Ordinal numbers are formed by suffixing -/pa/ to the cardinal form, with exception to 1, which is /daŋba/ ‘first’. Frequentative numerals are formed with the bond base /kʰuɕ/ ‘times’, such as /kʰuɕsum/ ‘three times’. Distributives are formed by adding -/re/ to the reduplicated cardinal number.

Numerals from 10 to 19 are formed by adding the cardinal numbers of the ones to the cardinal /tɕu/ ‘10’, as shown in the following table. Note that in some cases, a preradical from an earlier stage of the language has been retained, which can be seen in the Written Tibetan form.

Brokpa teens
| Numeral | Cardinal number word | Written Tibetan |
|---|---|---|
| 11 | tɕuktɕʰi | Tibetan: གཅིག་, Wylie: gcig ‘1’ |
| 12 | tɕuŋɲí | Tibetan: གནིས་, Wylie: gnyis ‘2’ |
| 13 | tɕuksum | Tibetan: གསུམ་, Wylie: gsum ‘3’ |
| 14 | tɕuiʑi | Tibetan: བཞི་, Wylie: bzhi ‘4’ |
| 15 | tɕeŋa | Tibetan: ལྔ་, Wylie: lnga ‘5’ |
| 16 | tɕuiɖuk | Tibetan: དྲུག་, Wylie: drug ‘6’ |
| 17 | tɕupdün | Tibetan: བདུན་, Wylie: bdun ‘7’ |
| 18 | tɕapgyæ | Tibetan: བརྒྱད, Wylie: brgyad ‘8’ |
| 19 | tɕurgu | Tibetan: བརྒྱད་, Wylie: dgu ‘9’ |

Higher numerals can be formed in a decimal or in a vigesimal system with the base word /kʰaː/ ‘score, twenty’.

=== Natural gender ===

Brokpa does not class nouns by grammatical gender but may mark biological gender of animates. Masculine gender is marked with -/pʰo/ ~ -/po/ ~ -/bo/ and female gender with -/mo/ ~ -/mu/ ~ -/ma/. These morphemes are suffixed to the root of the respective noun such as /ɕa/ ‘deer’, /ɕa/-/pʰo/ ‘male deer, hart’, /ɕa/-/mo/ ‘female deer, doe’. The morphemes /pʰo/ and /mo/ may occur in isolation when functioning as an adjective meaning ‘male’ and ‘female’ respectively.

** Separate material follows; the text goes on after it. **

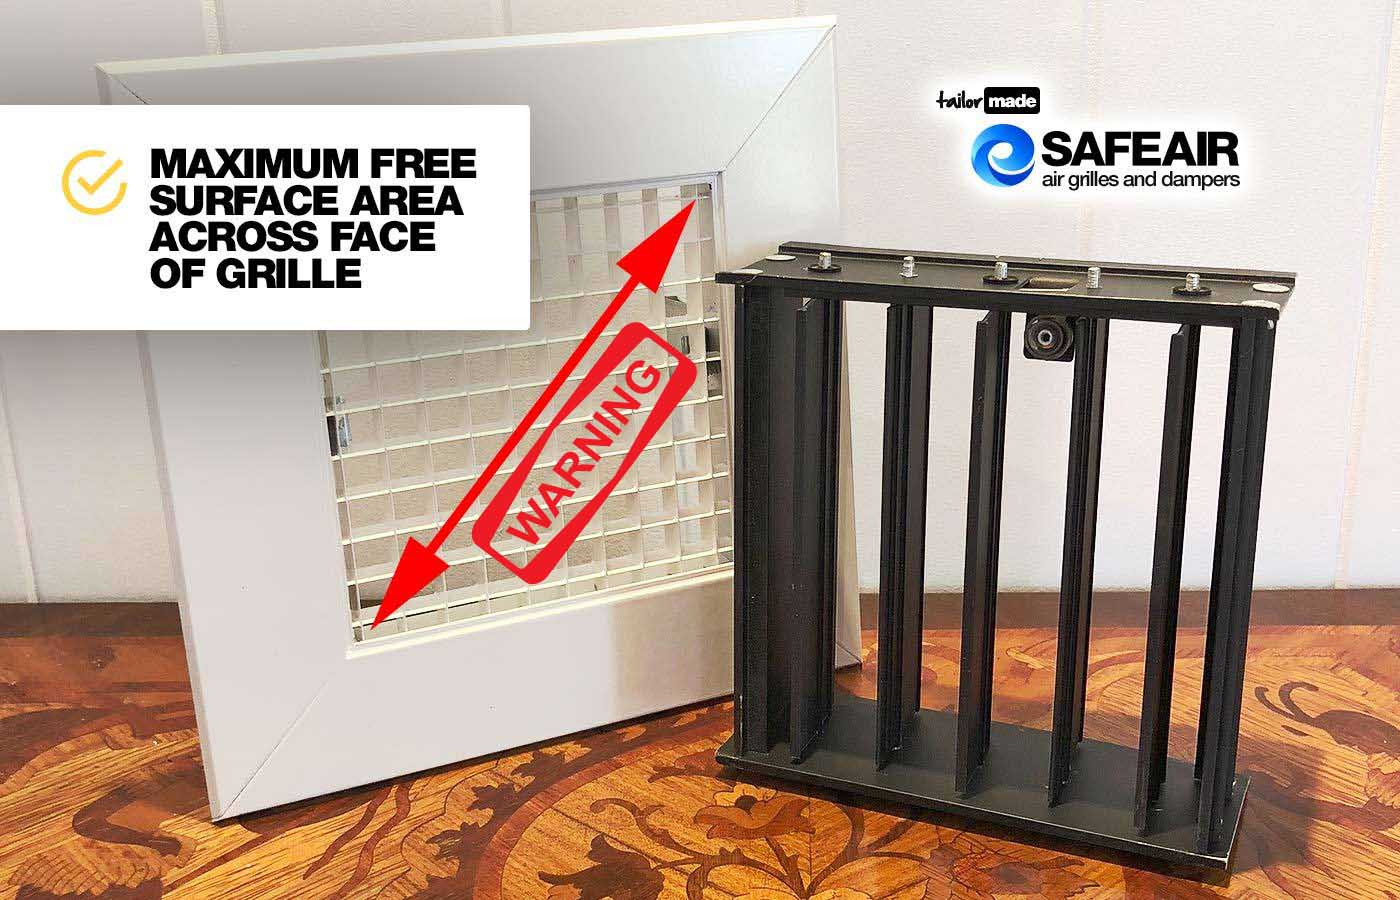 Ensure maximum free airflow across the face of the air grille or register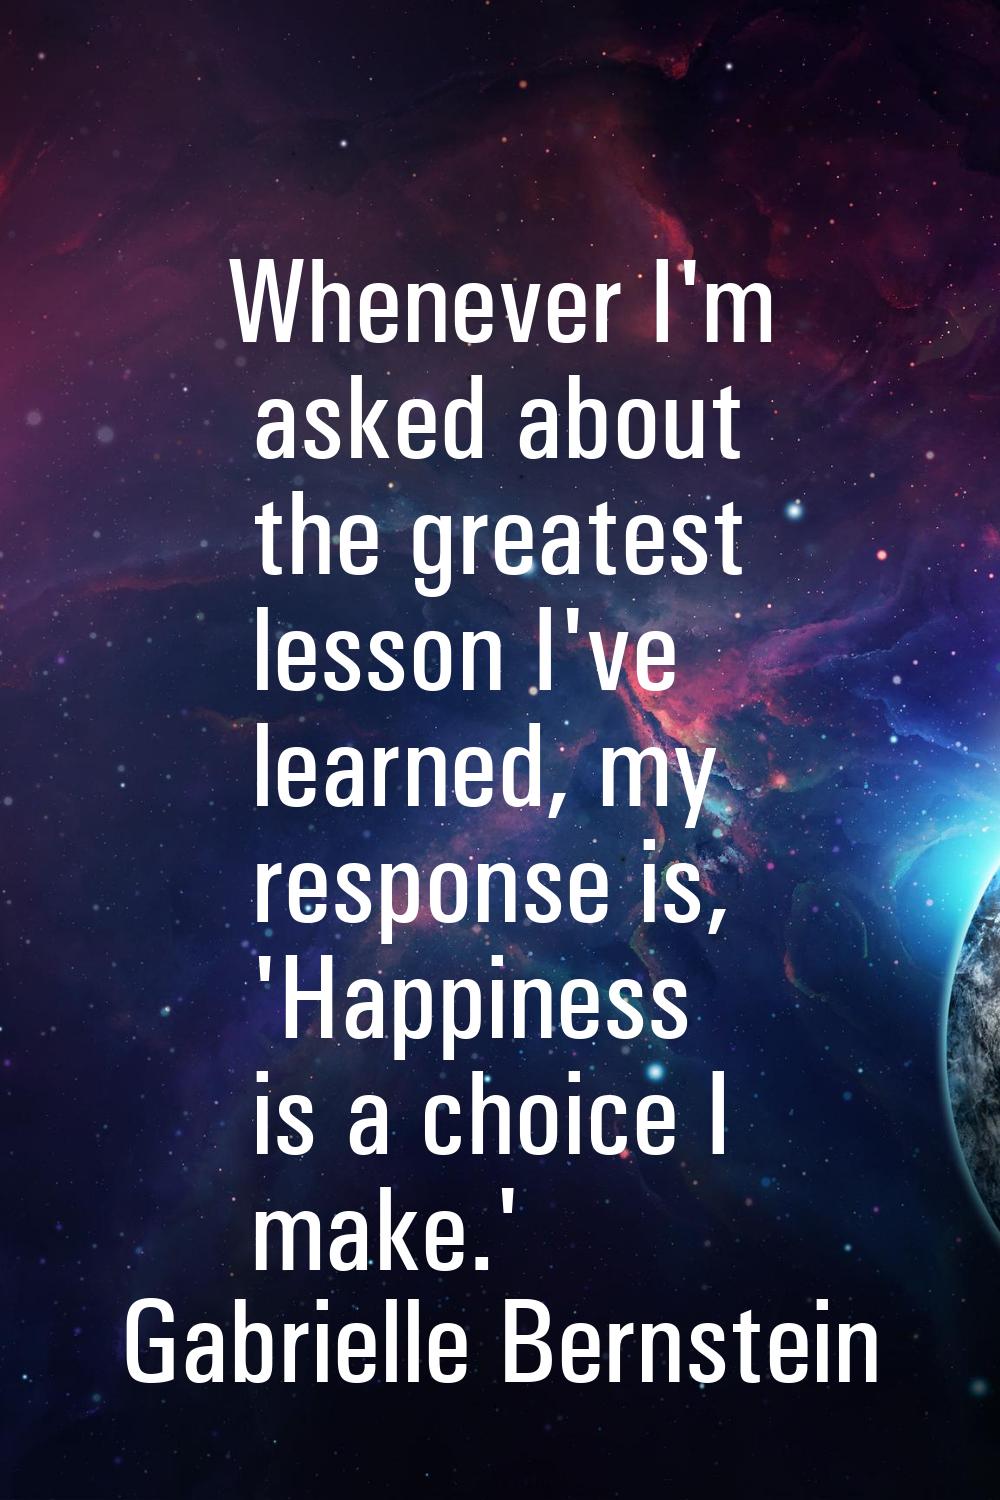 Whenever I'm asked about the greatest lesson I've learned, my response is, 'Happiness is a choice I

Some inanimate nouns may take gender marking in some contexts, usually poetic expressions or songs.

=== Definiteness ===

Definite noun phrases are marked with =/di/ in Brokpa. Indefiniteness is marked with =/tɕiʔ/ ~ =/ʑiʔ/ ~ =/ɕiʔ/, where =/ɕiʔ/ follows an open syllable and =/tɕiʔ/ ~ =/ʑiʔ/ follow closed syllables.

=== Augmentative & diminutive ===

An augmentative of a noun can be formed by suffixing the morpheme -/tɕʰen/, which historically derives from /tɕʰenpo/ ‘big’. It may indicate bigger size, more power and similar meanings.

Diminutives are formed by suffixing -/pʰruʔ/ ~ -/ʈuʔ/ ~ -/ruʔ/ to a noun. Historically, the form may come from the word /pʰrugu/ ‘baby’. It is mostly used to indicate an animal of young age or for endearment.